LOS ANGELES AIR FORCE BASE, Calif. -- Dr. William Roper, assistant secretary of the Air Force for acquisition, technology, and logistics, visited the Space and Missile Systems Center (SMC) to discuss the future of space acquisitions, Feb.6.
As the Department of the Air Force Service Acquisition Executive, Dr. Roper is responsible for and oversees Air Force research, development and acquisition activities totaling over $60 billion for more than 550 acquisition programs. Dr. Roper serves as the principal adviser to the Secretary and Chief of Staff of the Air Force for research and development, test, production and modernization efforts.
During his two-day visit, Dr. Roper held a town hall where he stressed the duty to continually drive innovation and ‘plant seeds’ for the future generations of space acquirers. He emphasized that failure is a step to success and success without failure means, “you didn’t take enough risk.”
“Space acquisition is amazing, and early on in this job, looking for where there was an appetite to innovate, to change, and try to compete, it was clearly at this center,” said Roper.
“I wish we could talk more broadly about our space programs. That’s a real hindrance for us. Classification, I think, holds us back from talking about a lot of wonderful things that are happening in this portfolio,” said Roper during the town hall. “But when you pull back the curtain and look at what’s happening in the space portfolio, it makes me excited about what could be ‘SMC 3.0’ and ‘4.0,’ because if you think that ‘[SMC] 2.0’ is the end, it can’t be. There is no telling where the competition is.”

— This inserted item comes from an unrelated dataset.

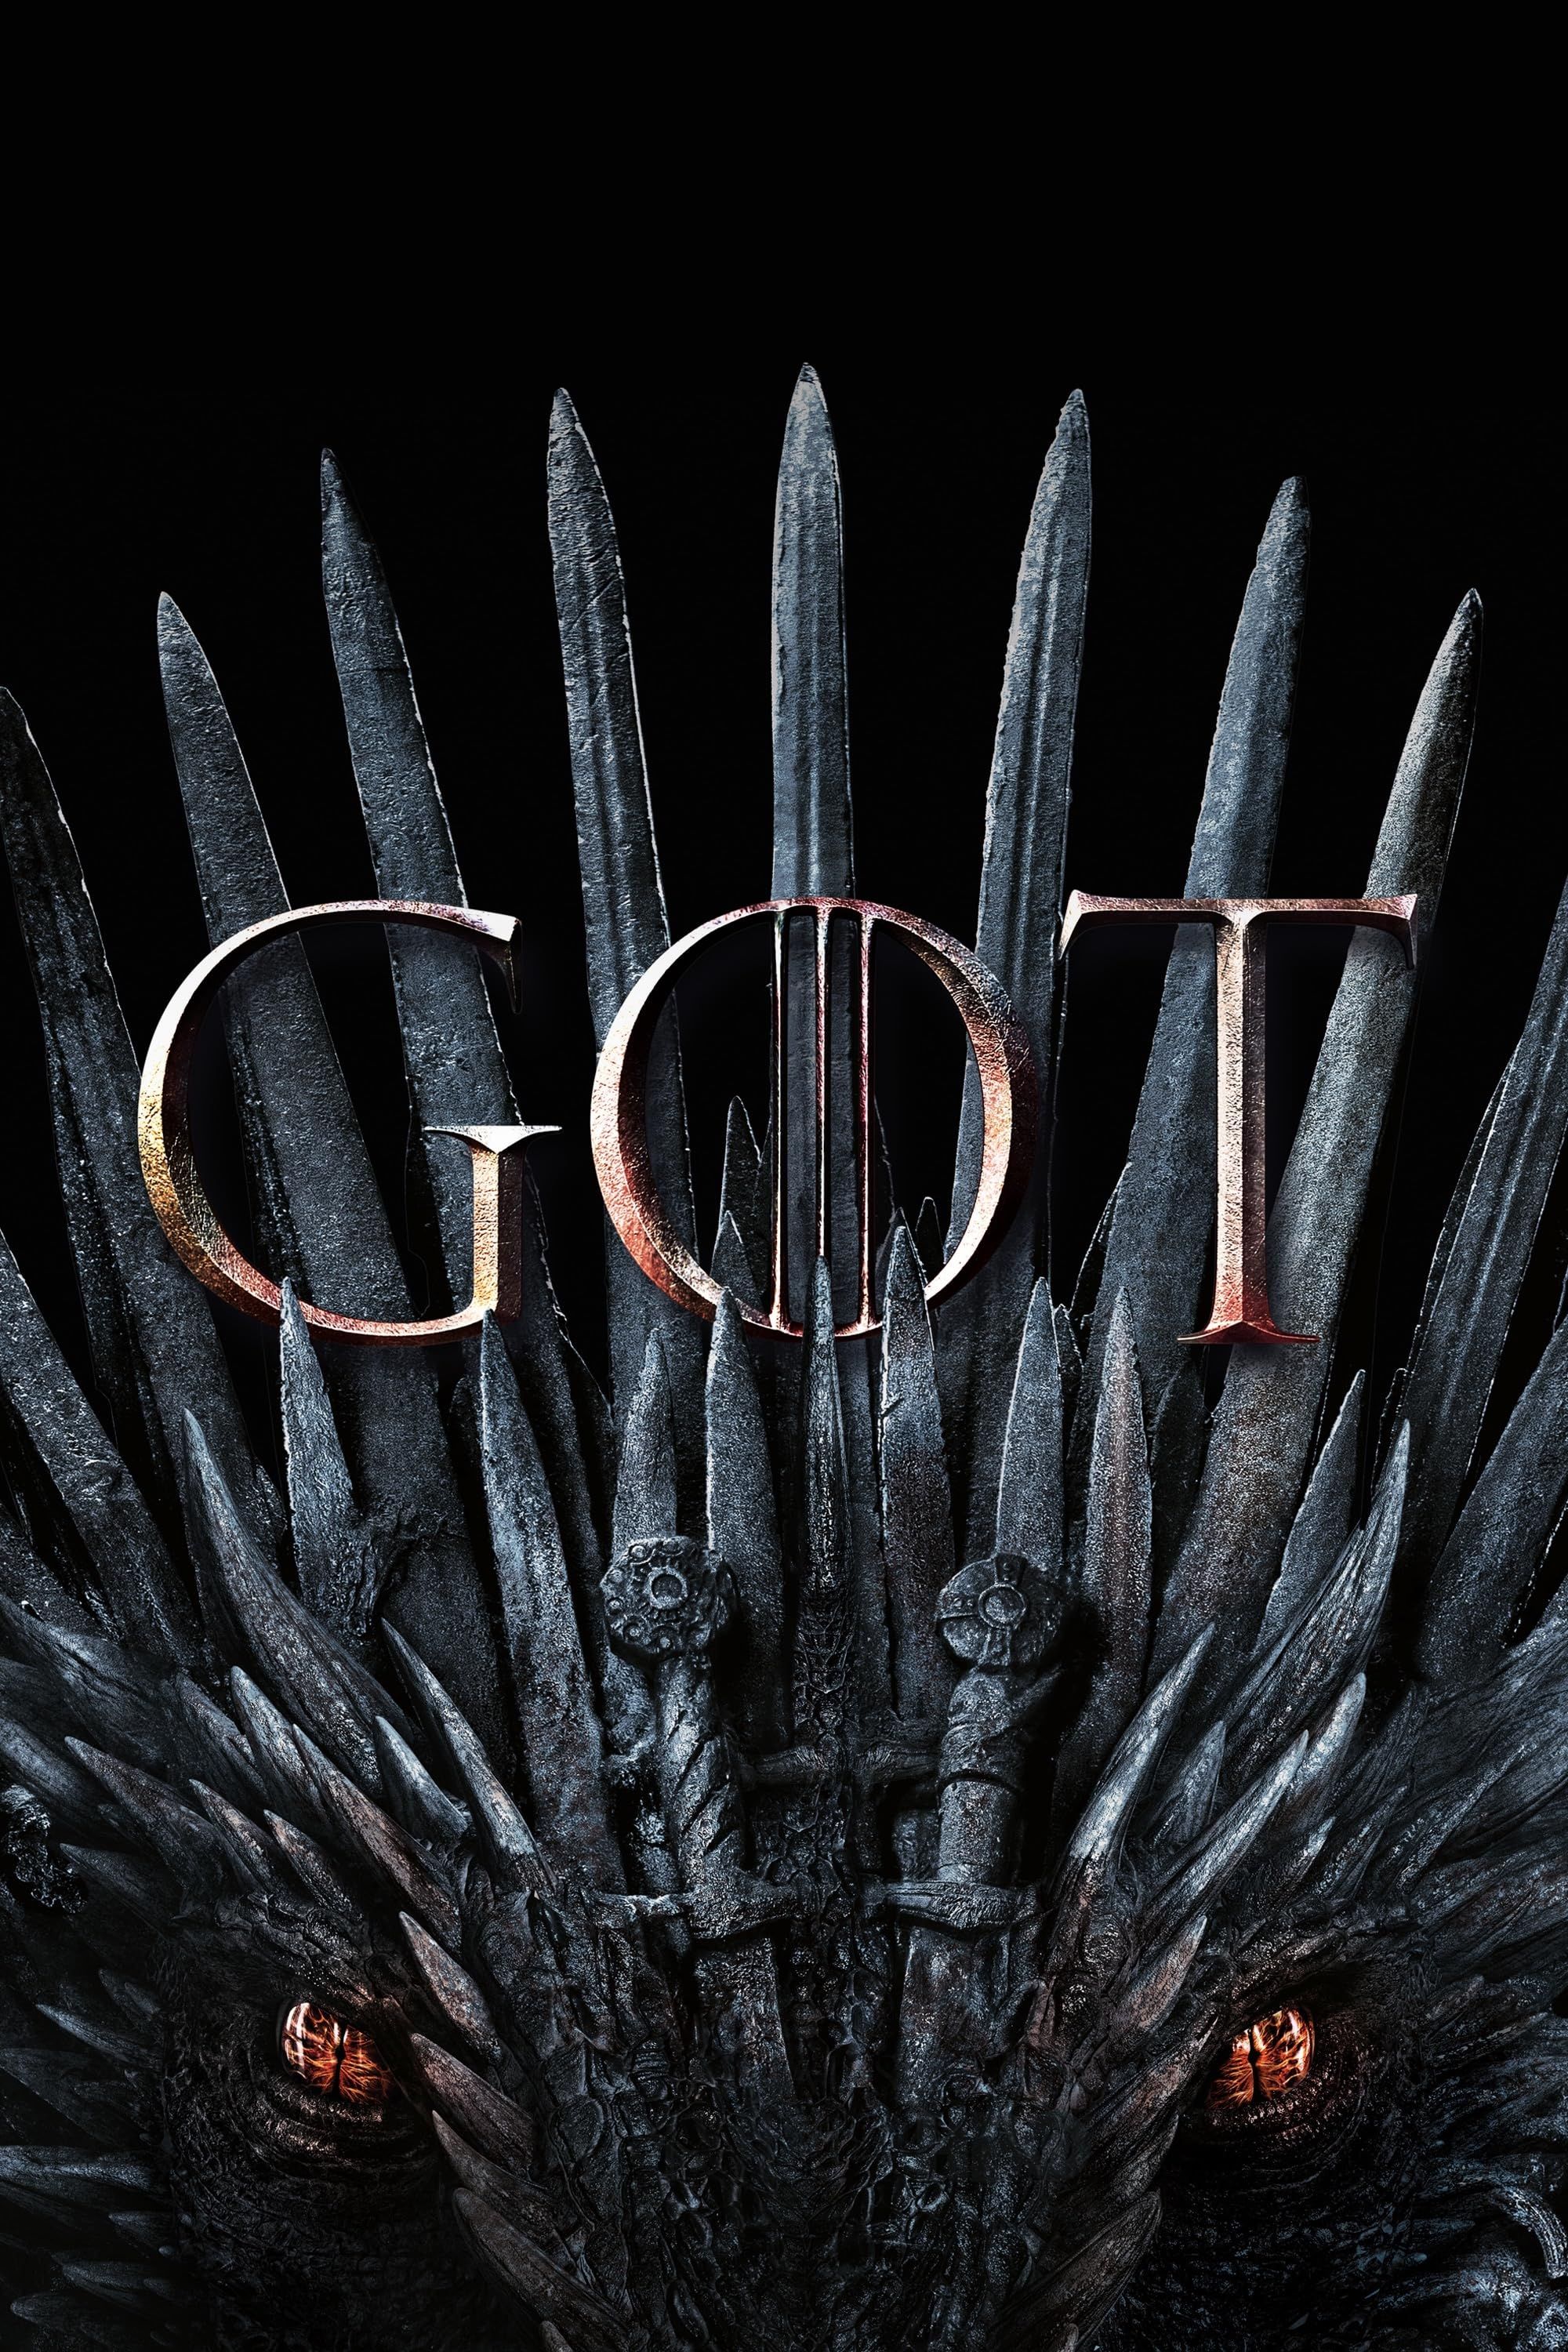 Game of Thrones (Season 8) Hindi Dubbed HBO Series HDRip 720p 480p

Roper is worried about the way the current acquisition system works in this century to compete against other peer countries like China. “They’ve got the focus. They’ve got the economy. They’ve got the technical know-how,” said Roper. “They’re not ten feet tall, but they’re the real deal.”
During his visit, Roper met with junior workforce members, as well, where they discussed industry best practices and innovative ideas that can facilitate lean and agile space acquisitions to outpace adversaries.

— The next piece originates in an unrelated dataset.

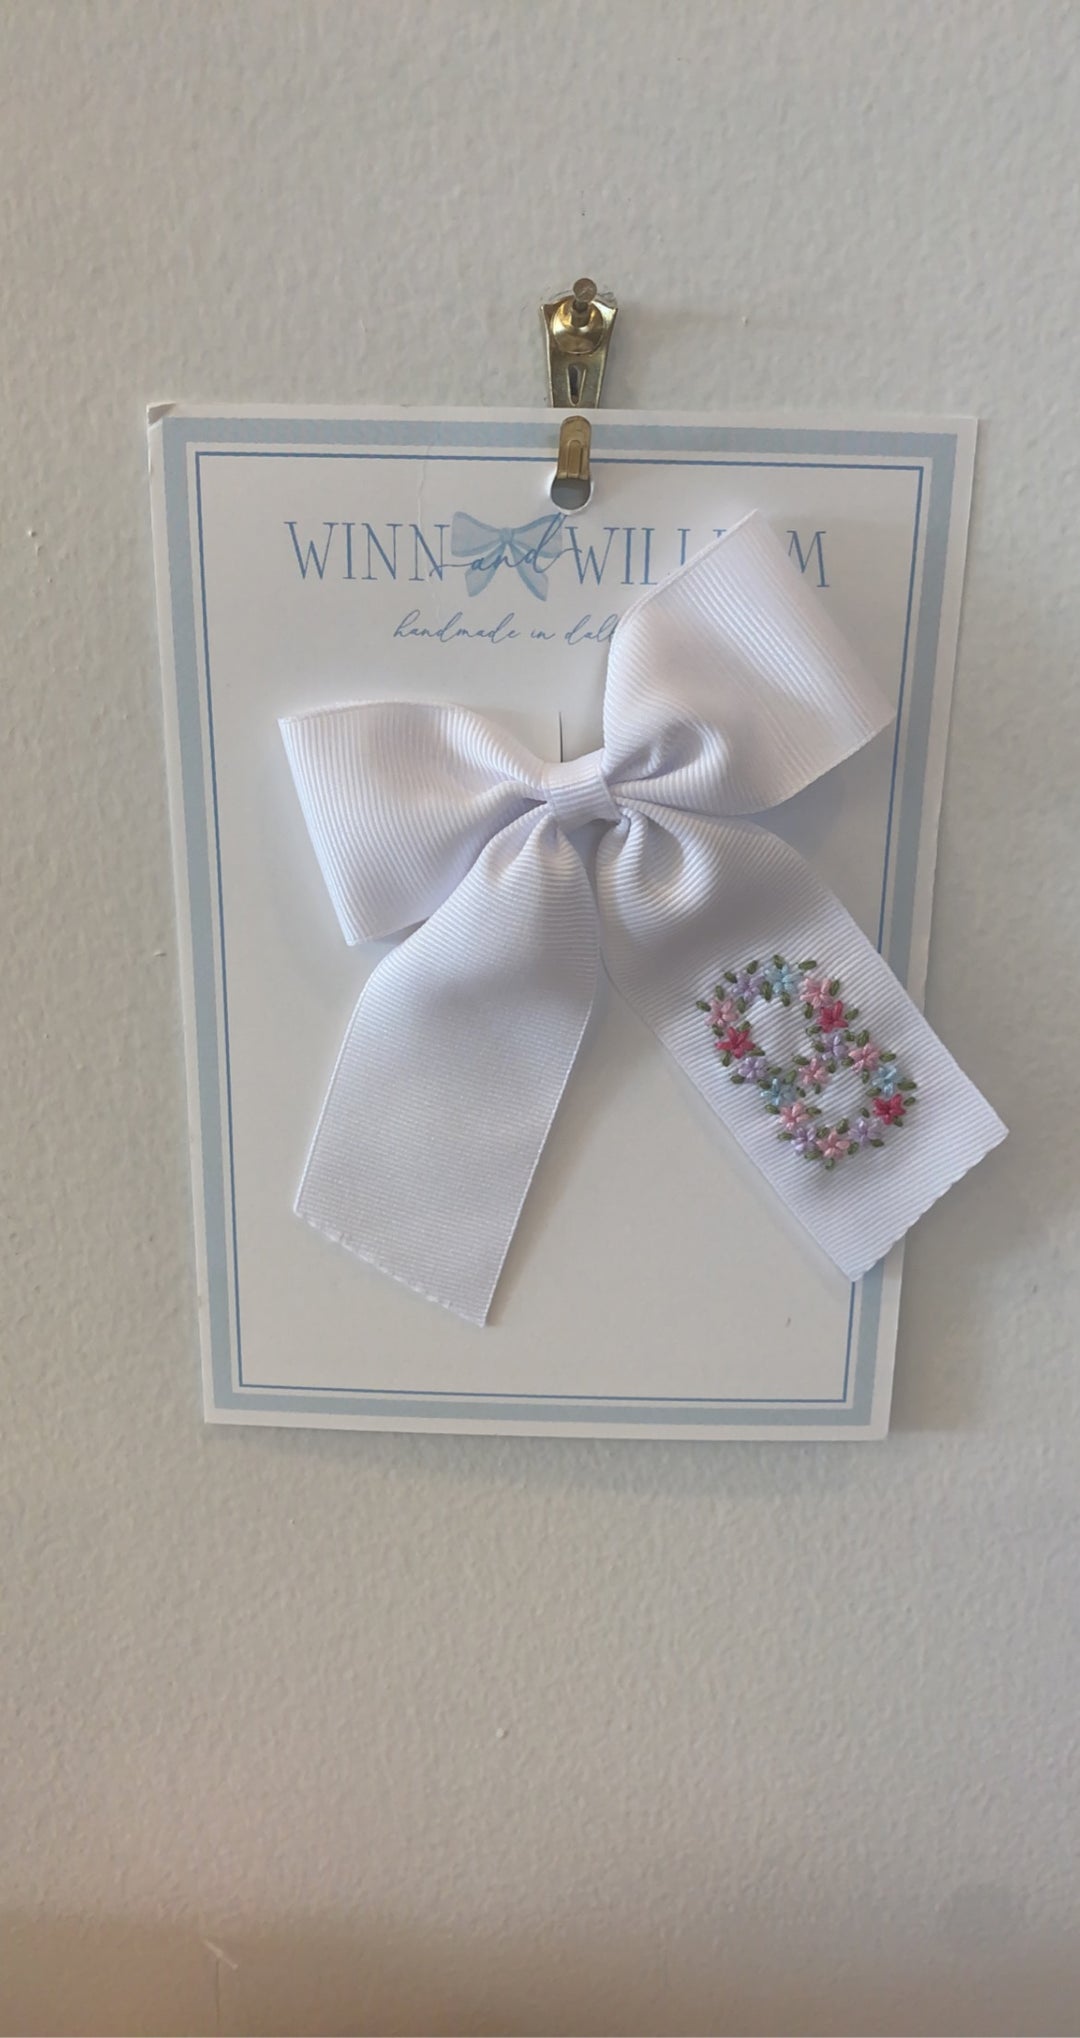 Winn & William Floral Letter Bow

“One of the most important things our acquisition force needs to understand is the criticality of delivering continuous, iterative value to the warfighter to give them capability they can use in operations today,” said Capt. Shane Toner, deputy branch chief, acquisition support, Enterprise Ground Services.

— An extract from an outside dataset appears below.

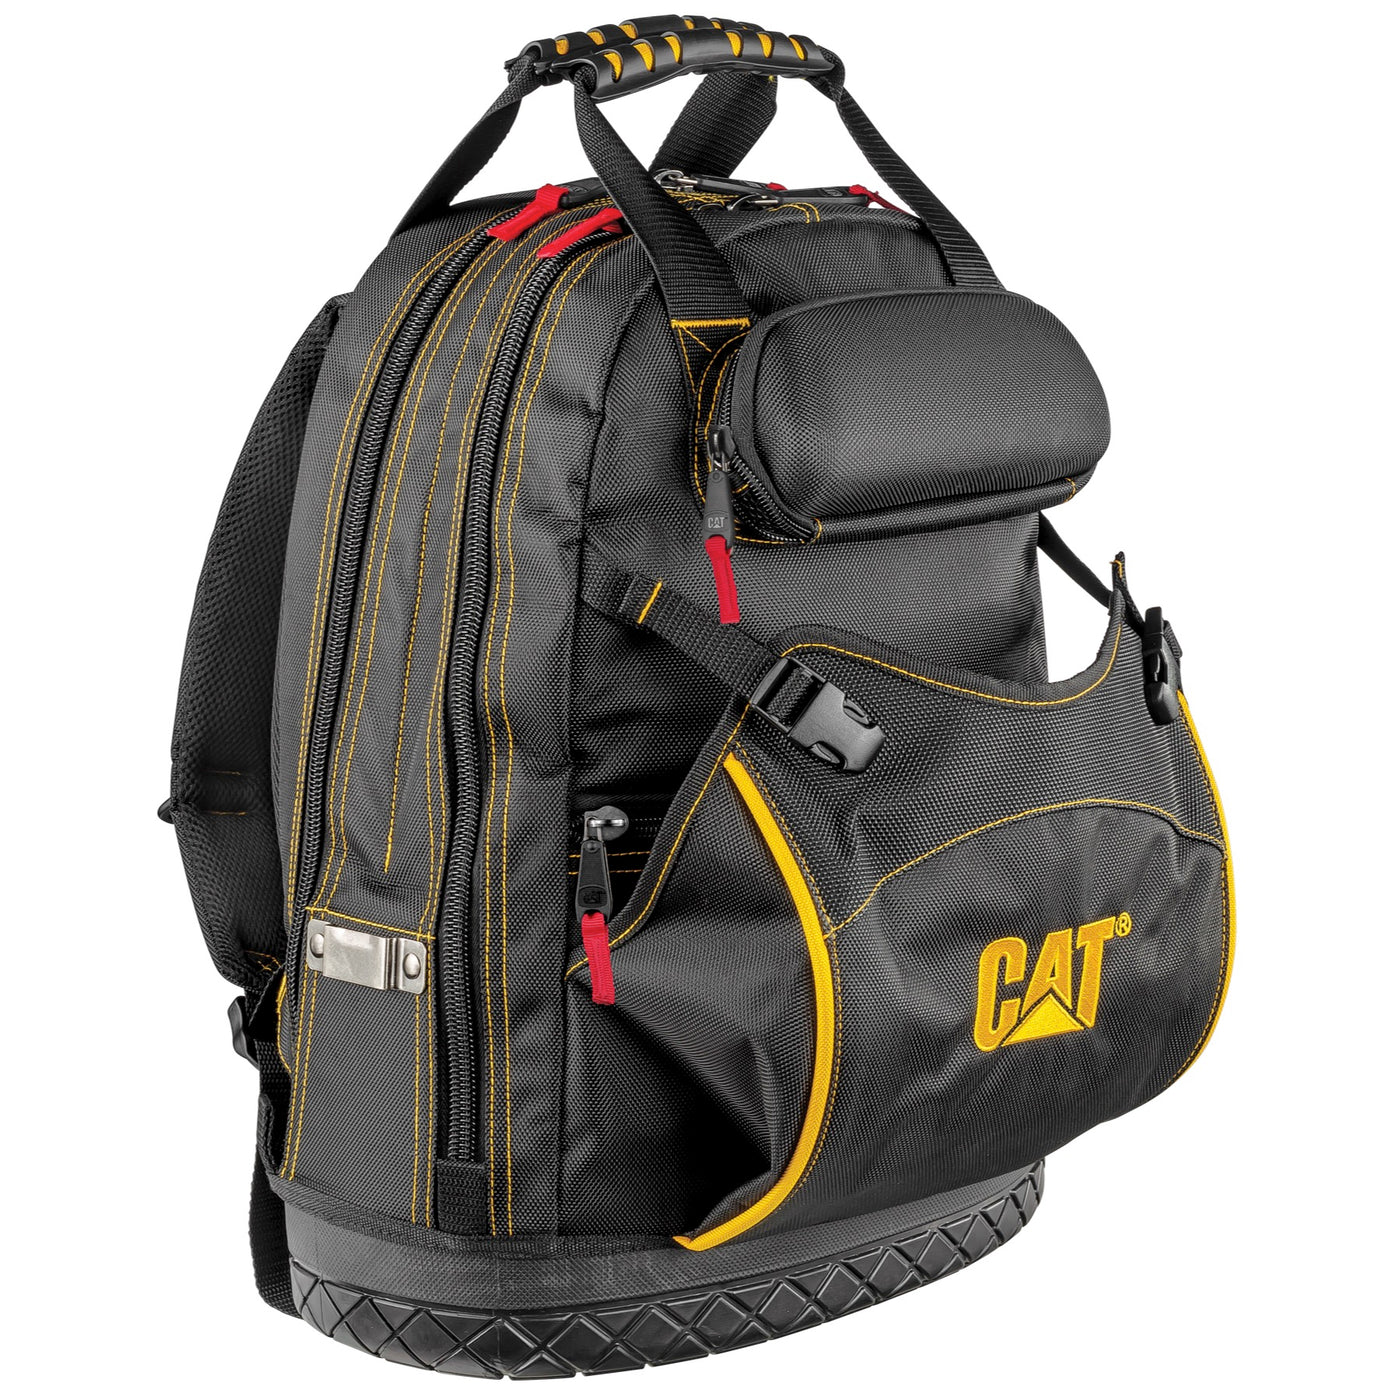 Officially Licensed MLB Texas Rangers 18 Premium Tool Bag Backpack

“The days of waiting years to deliver value to the warfighter are gone,” said Toner. “If we are not measuring the timeline in which we deliver value to the warfighter in hours or days, we’ve lost.”
One method of speeding the acquisition process in space that Roper says he is “fighting for” is consolidating funding into two “pots” that would allow money to flow between programs as needed.
“You can’t do smart, slow, in a competition against a capable peer,” said Roper.
He explained that technology evolution is “volatile” in today’s market. Roper’s thought is that the consolidated funds would allow for flexibility and speed that does not exist in the current system, and also facilitate current partnerships and create opportunity for new partnerships.
“I believe Dr. Roper’s idea on how we need to alter the profit model enticing industry to work with the government will be the key to success in not only outpacing our adversaries, but will also keep the Department of Defense relevant in today’s technology discussion,” said Toner. “The importance of leveraging commercial technology for the warfighter with regard to Space cannot be understated given the current [research and development] environment with 20 percent DoD/80 percent private industry split in investment dollars.”
In 2020, SMC plans to partner with more non-traditional government contractors to diversify and aid faster and smarter innovation.
“The DoD space enterprise is less than one-fifth of the space investment currently going on in this country,” said Lt. Gen. John Thompson, SMC commander and Air Force program executive officer for Space. “The rest of it, the other 80 percent, comes from commercial investment. We must have structures, processes and the ability to reach out to the people doing the other 80 of innovation.
“With nontraditional defense contractors, small businesses and potential game changers, we can afford to take risks.”